The heart contains autorhythmic cells, which can generate an action potential on their own. These cells then spread the action potential throughout the heart, resulting in a contraction. Which of the following mechanisms is an explanation for why these cells can spontaneously generate action potentials?
Specialized channels allow sodium to enter the cell, which leads to depolarization
Specialized channels allow sodium to exit the cell, which leads to depolarization
These cells have no resting potential
These cells do not have sodium-potassium pumps, which allows for quicker depolarization
Explanation
Remember that an action potential starts with the diffusion of sodium into the cell. As more sodium enters the cell, more voltage gated sodium channels open up. This leads to depolarization of the cell. With a steady diffusion of sodium into the cell, the threshold stimulus will eventually be attained, and an action potential will be generated. It is the steady diffusion of sodium into the autorhythmic cells which results in an action potential.

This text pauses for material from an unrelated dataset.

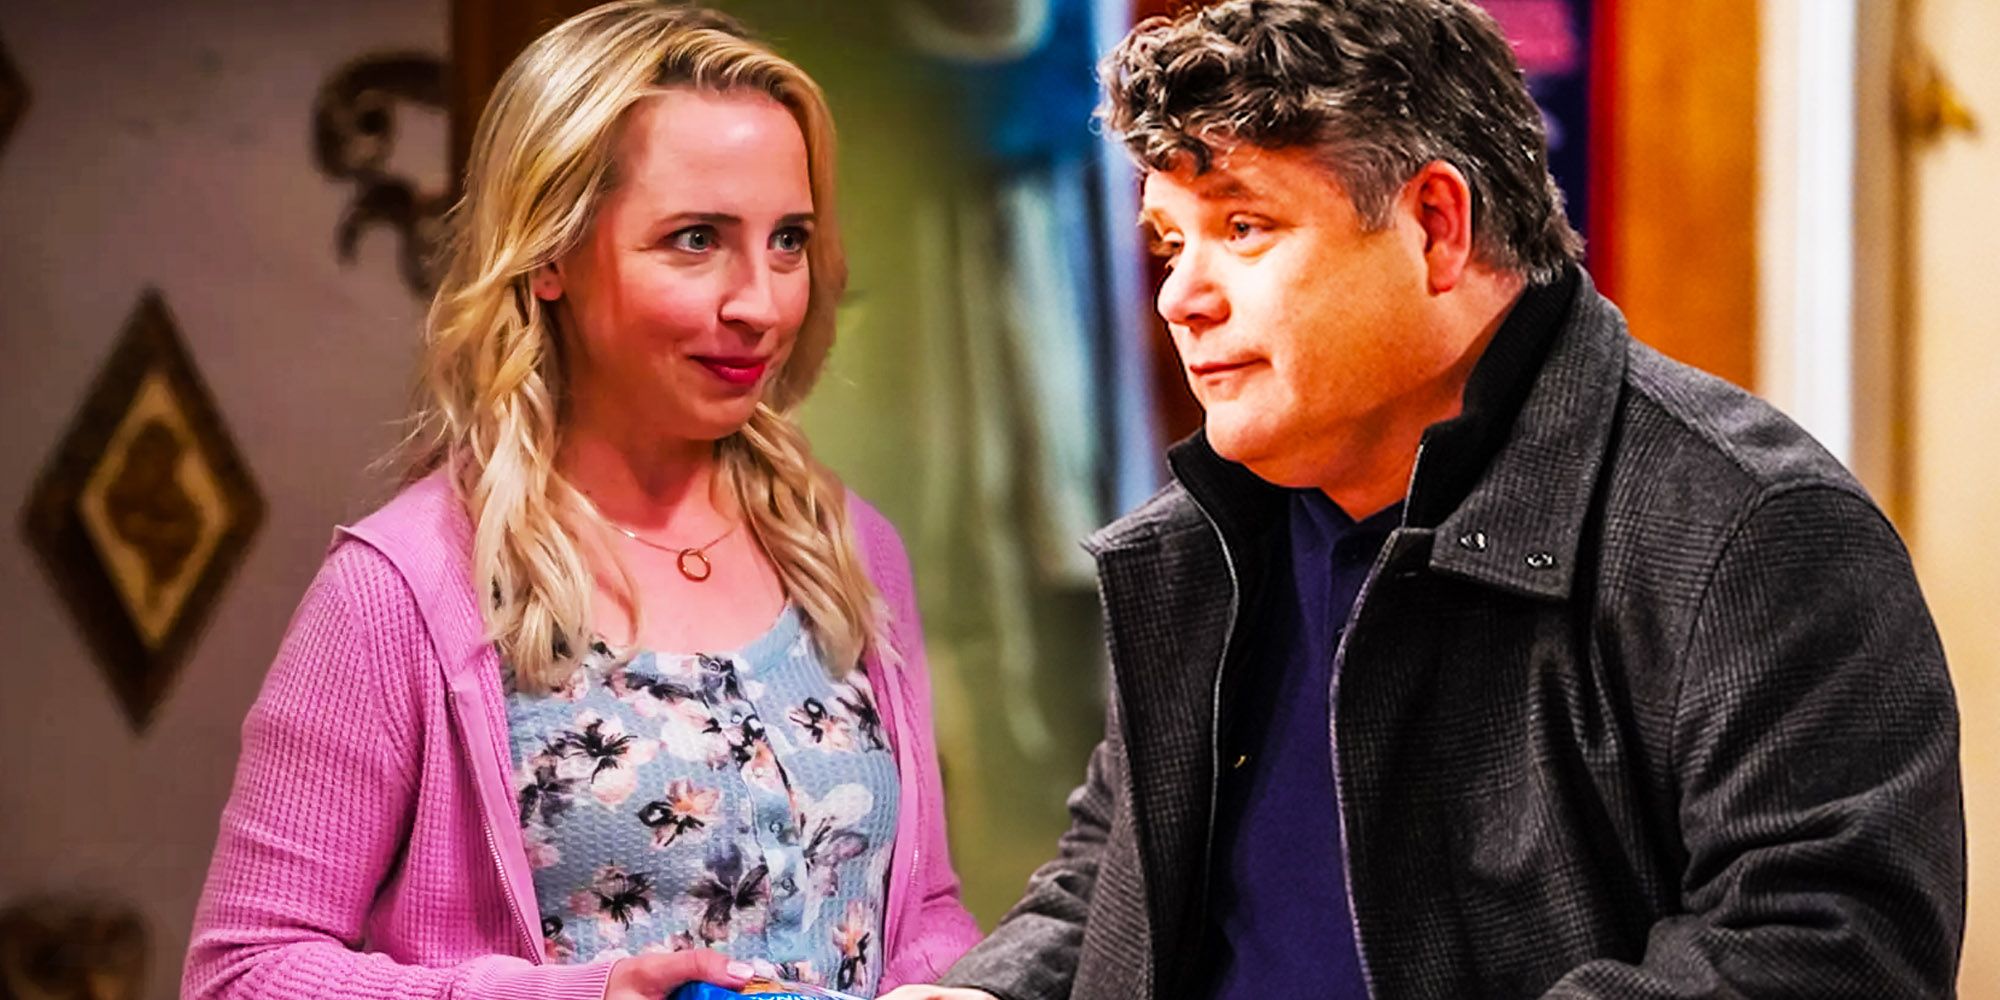 Custom image of Lcy Goranson's Becky and Sean Astin's Tyler on The Conners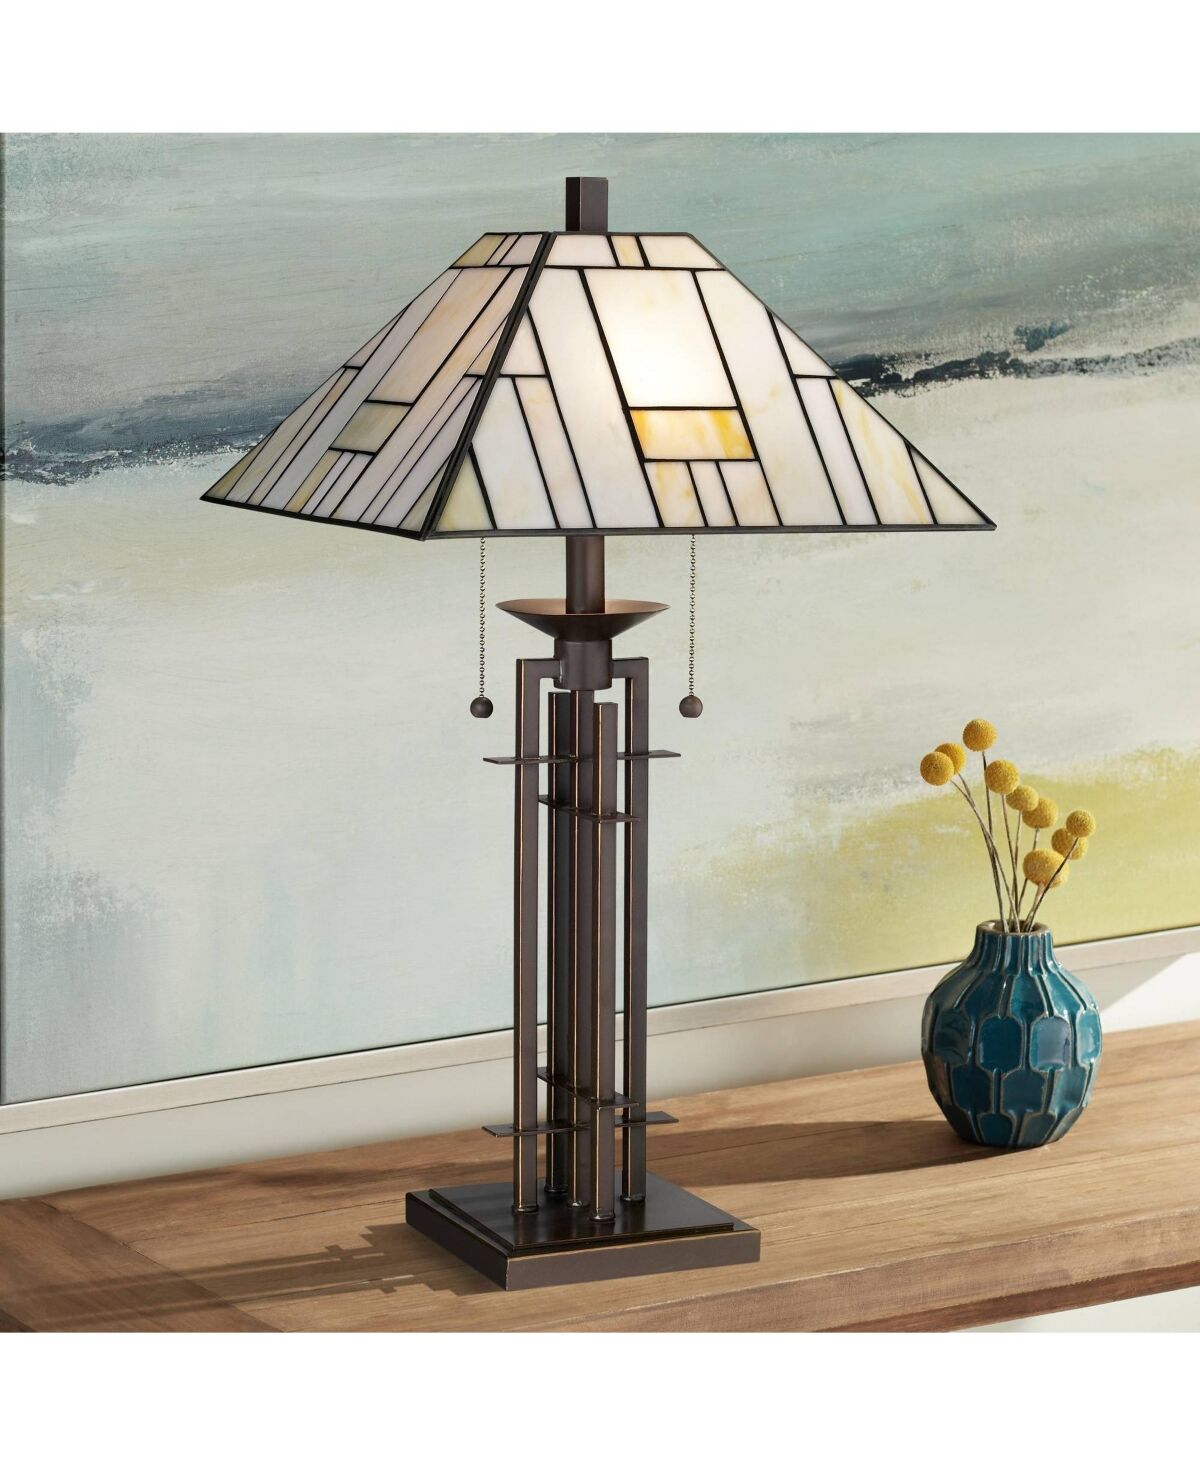 Franklin Iron Works Mission Tiffany Style Table Lamp Art Deco 26.25

What side effect may occur after exposure to a chemical that inhibits the release of acetylcholinesterase?
Repeated stimulation of postsynaptic neurons
An inability to stimulate neurons
An inability to release acetylcholine
Lack of receptors on the postsynaptic neuron
Explanation
Acetylcholinesterase is the enzyme responsible for breaking down acetylcholine, an excitatory neurotransmitter released into the synaptic cleft. If acetylcholine cannot be broken down by this enzyme, the neurotransmitter will continue to attach to the receptors on the postsynaptic cell. This can result in continuous, uncontrolled stimulation of neurons.